SUPPLIED RECORDS ::
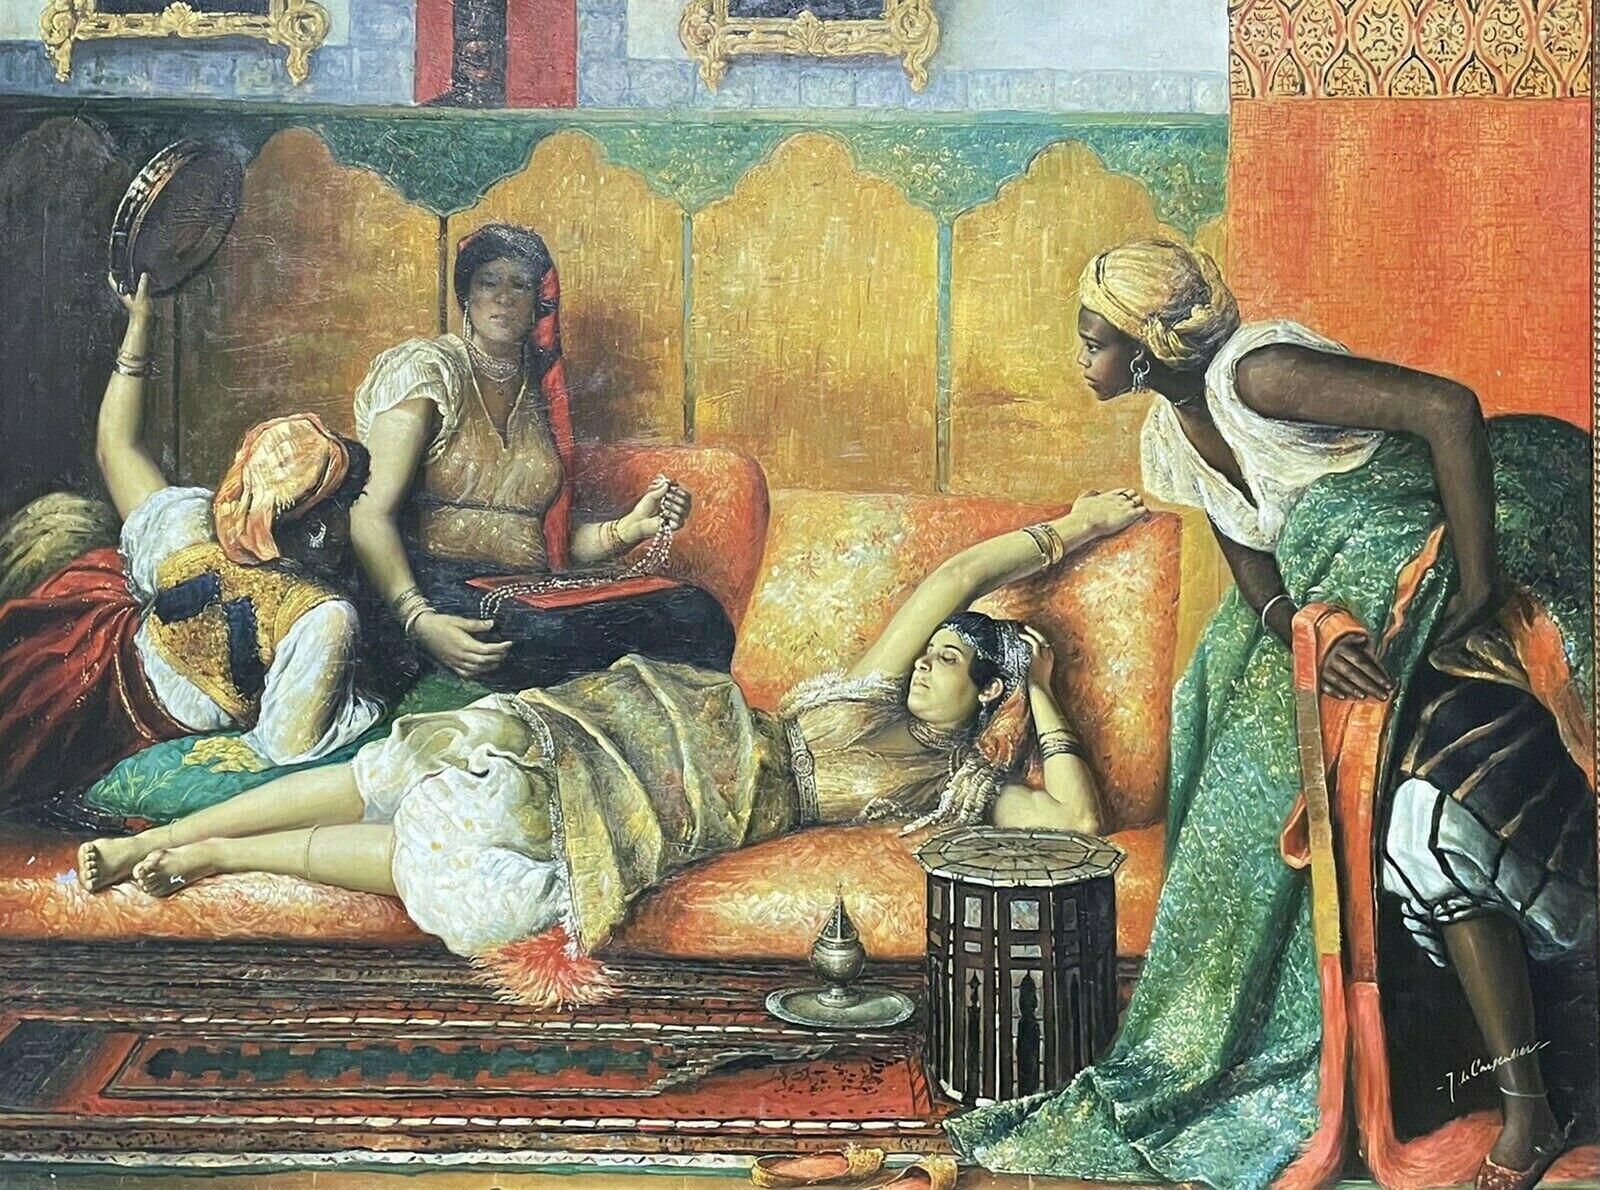 Artist/ School:
French School, late 20th century, indistinctly signed

Title: 
Orientalist harem interior scene

Medium: 
oil painting on canvas, framed

Size:  
frame: 41.5 x 53 inches 
painting: 35.5 x 47 inches

Provenance:
from a collection in

TASK DIRECTIONS :: When a line contains the string "painting", copy it from the records.

SOLVED EXERCISE ::
oil painting on canvas, framed
painting: 35.5 x 47 inches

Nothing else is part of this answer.